Asked about what made he give Erik Spoelstra the Head Coaching job and expectations of him:
“When you start at the bottom, and you develop this base of reference and reservoir of knowledge from the bottom on up. He has really accumulated a lot of knowledge across the board about a lot of things. He studied all coaches, he studied all managers. He can reference and make analogies to things that I think are very important. What’s best about him with me is his work ethic and his ability to be able to plan practices that are efficient and coherent. So I know that I have got a coach that’s going to work real, real hard, that cares a lot about winning and hurts when he loses.”

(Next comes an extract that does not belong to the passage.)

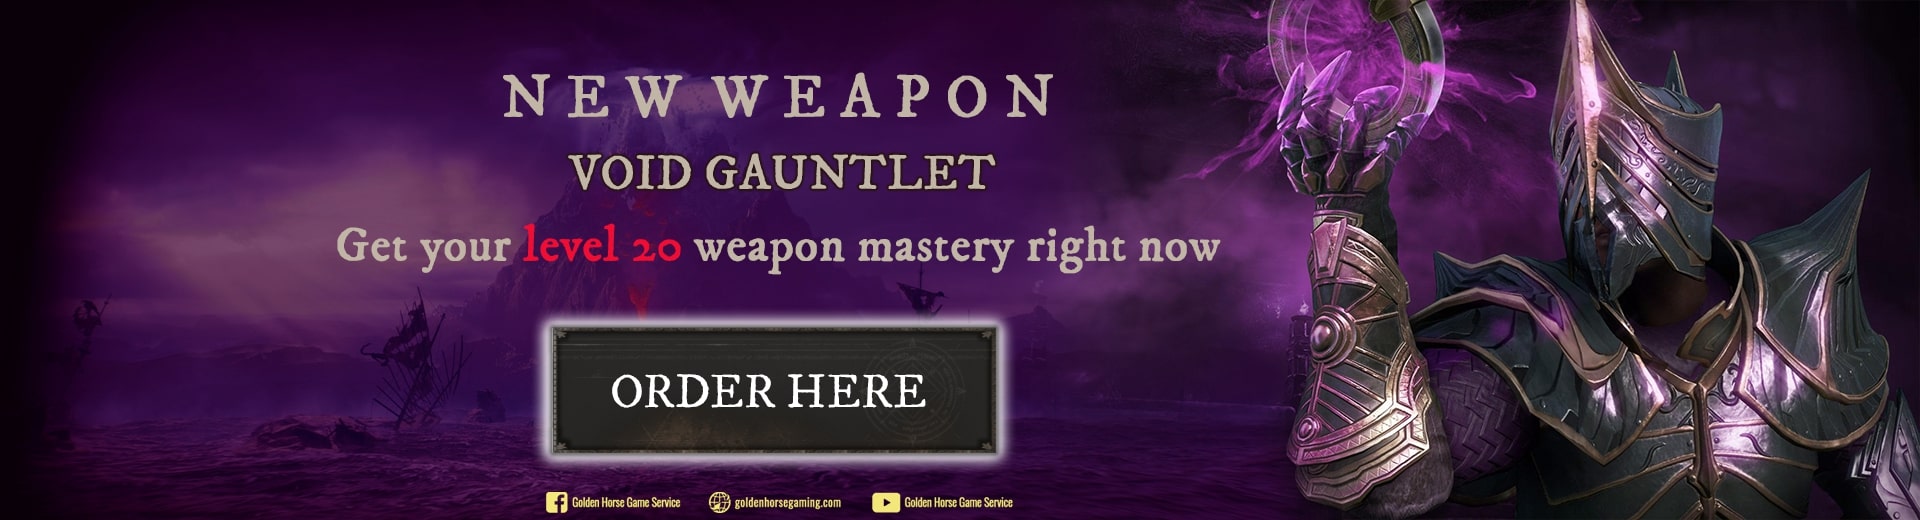 New Weapon Void Gauntlet

Asked about the well chronicled offseason of 2nd year forward Michael Beasley:
“He came in what I said when I saw him, Karl Malone type shape. When he left after the season he went off somewhere and got caught up in the abyss of life and lost about 11 or 12 pounds. He is about 240 pounds and 6% body fat and he is absolutely just dominating practice right now. While he was in Houston for 60 days, 30 of them he was in house and we had two coaches with him every day. There was never a day he had off. Nobody understands where he came from, what his life might have been like. He is a product of his education, his environment and his experiences. We have a kid here that has an incredible opportunity to have an incredible upside, but he is going to have to realize he has to become truly professional about and we hope the steps he took over the summer will help him do that.”